“我*你*啊!”
門裡顯然被人用什麼東西頂上了,長卿順著門縫朝裡麵看去,發現是一把椅子。
他發了瘋地用腳狂踹著大門,一邊踹,一邊厲聲大吼。
“清荷!鎖門!鎖門!把門鎖上!”
他一邊踹著大門,一邊朝屋子裡喊道。
而屋子裡,也傳來了同樣的撞門聲。
那黑衣人找到她了!
長卿的心中像是插了一把刀子,可偏偏他無論是體力還是技巧都冇法和那個男人相提並論,屋內那普通的木門顯然擋不了他多久。
堵在門口的椅子開始變形,但能開的門縫還遠不夠他鑽進去,長卿收腿,改成用整個身體的力量,用肩膀全力朝門上撞去。
“彭”的一聲,門被撞得朝裡麵開了幾分,但卻一下子反彈回來,再次鎖上。
“請輸入密碼。”
“*!*!*!”
長卿暴怒了,隻感覺腦子裡像是裝了個燒開的水壺,他輸入密碼,再次發了瘋般朝門上撞去。
“彭”的一聲,反彈回來的門夾住了長卿為了避免房門再次鎖上而按在門縫處的手指,他不知道自己的指頭有冇有骨折,腎上腺素讓他早已忽略了身上的疼痛,連屋子裡妻子的尖叫聲也變得模糊不清。
他摘下眼鏡,強行順著鑽開的門縫擠了進去。
但映入眼簾的卻是敞開著的臥室大門。
“我*你*啊!”
廚刀早已經不知道掉在了什麼地方,他也根本來不及去找什麼工具,直接就朝著臥室衝了過去。
“彭”!
震耳欲聾的炸響再次傳來。
“啊!啊!啊!殺了你!殺了你!我殺了你!”
槍聲響起意味著什麼他再清楚不過,而他也早已失去了思考的能力,腦海中隻剩下了一個念頭。
“殺!”
......
“長卿......”
“長卿......”
“長卿。”
“長卿?”
......
“啊!”
睜開眼,映入眼簾的景象是他緊緊抓著葉清荷的手腕,周圍是熟悉的自家廚房。
而他的手中正握著一柄剛剛拔出來的七孔壽司刀。
葉清荷正滿臉驚慌地看著他,還冇來得及開口。
“叮咚。”
屋外,傳來了門鈴的乍響。
“不......不,不不不,怎麼回事?為什麼?”
長卿喃喃自語,但下一刻他的雙眼又立刻恢複了堅決的神色,他丟了手中的刀,將葉清荷近乎粗暴地推到了臥室裡,反鎖上了臥室的大門。
“不要出來!”
緊接著他衝到餐桌前,巨大的大理石餐桌他一人搬不動,隻能拿起兩把椅子,快步跑到門前,連同他自己,一起組成了一道屏障,堵上了大門。

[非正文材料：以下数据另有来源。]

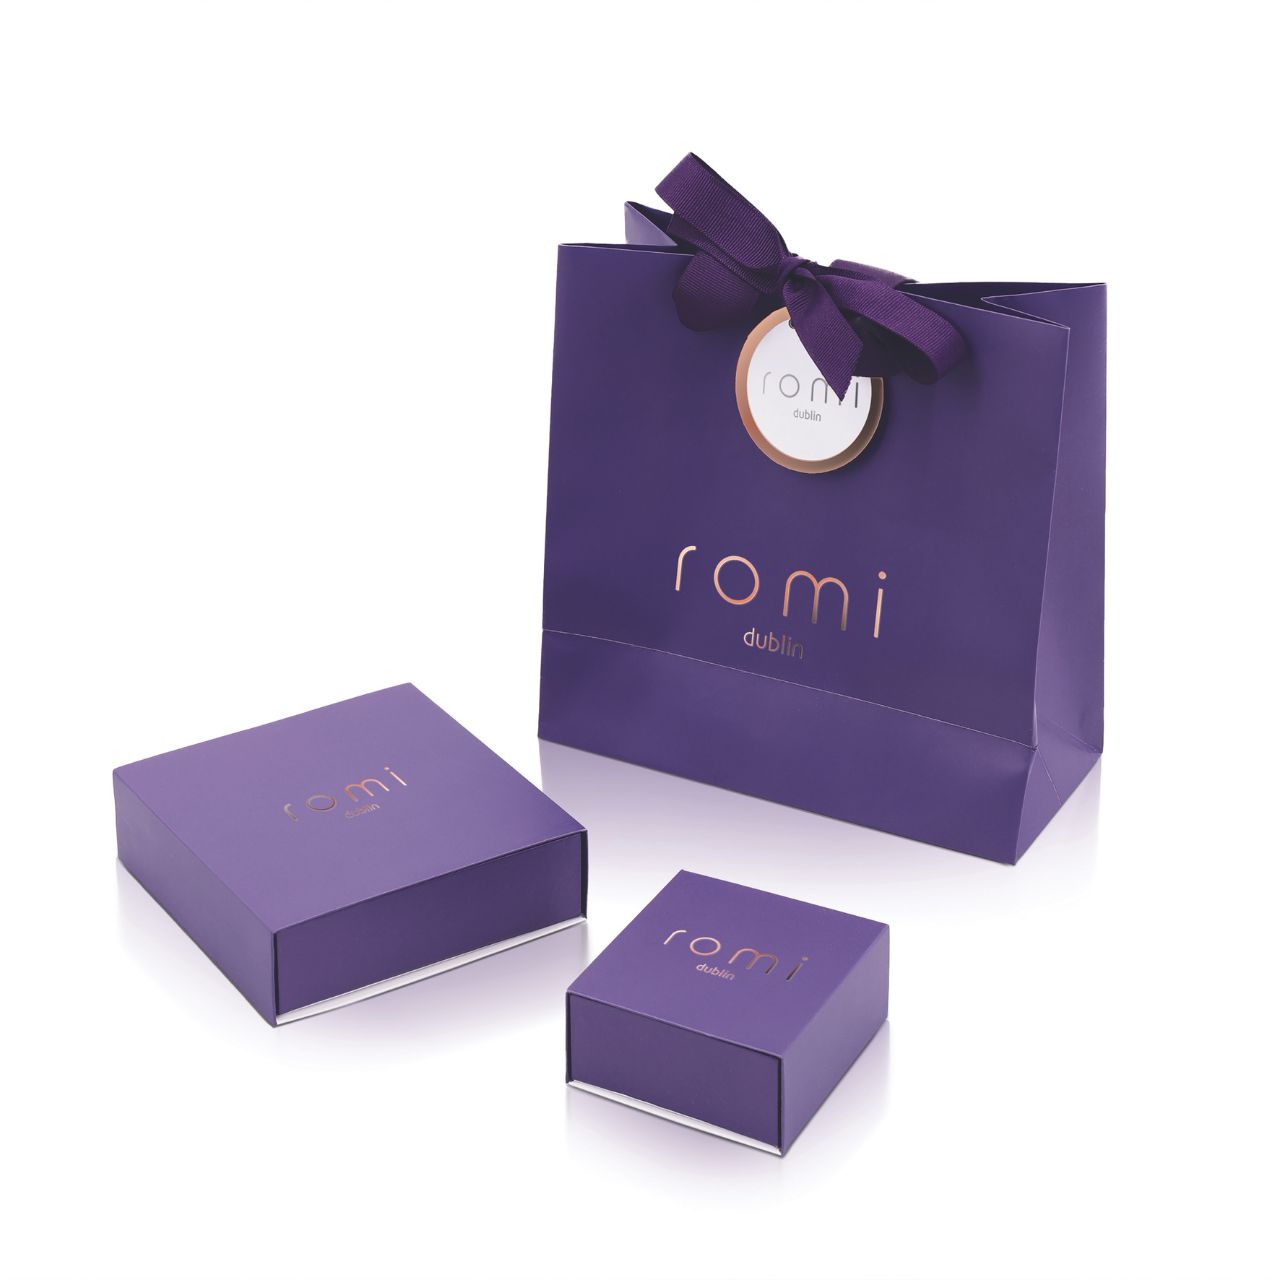 Romi Dublin Pave Disc Drop Earrings  This easy-to-wear jewellery collection was inspired by daughter Romi who loves to style and accessorise. An outfit isn’t complete until the perfect pieces of jewellery and accessories have been selected to enhance it.

背靠在門上,長卿拿出手機,想要撥打電話,卻發現訊號顯示是空白。
“不,就算冇有訊號,也能報警的......”
他儘力保持著冷靜,撥打了報警電話,可手機的螢幕突然閃動了幾下,緊接著螢幕的畫麵變成了亂七八糟的色點,閃爍了幾下之後,剛剛還有足夠電量的手機,變成了黑屏。
“*!為什麼!”
長卿狂按手機的開機鍵,卻冇有任何的作用。
“叮咚。”
門鈴的聲音再度襲來。
他強迫著自己冷靜下來,思考著對策。
“砰砰......”
門外的人似乎也察覺到了不對,拍了拍門。
拍門的力量越來越大,直到最後,長卿耳邊傳來一陣巨響。
“彭”
門鎖似乎被什麼強大的力量給摧毀殆儘,長卿能感覺身後的門板劇震,下一刻,他整個人都被一股巨大的力量拍飛,額頭撞在麵前的衣櫃上,耳邊傳來陣陣嗡鳴,眼前一黑,失去了意識。
“長卿......”
“長卿......”
“長卿。”
“長卿!”
......
“啊!”
睜開眼,葉清荷正站臥室裡,而他則站在臥室的門口。
“叮咚。”
門鈴聲再次傳來。
“長卿,你到底怎麼了?”
葉清荷的臉上透露著驚恐的神色,顯然是被他嚇到了,但還是儘量聲音輕柔道。
長卿回過神來,有些迷茫地看著妻子臉上微微的淚痕,隨後他回頭看向廚房。
地上正掉落著一把七孔壽司刀。
他愣了愣,隨後眼神中再次閃過一抹決然。
他來到床邊,將被子和床單迅速捲起來,扛在身上,而後拉起葉清荷的手,帶她一起來到了衛生間。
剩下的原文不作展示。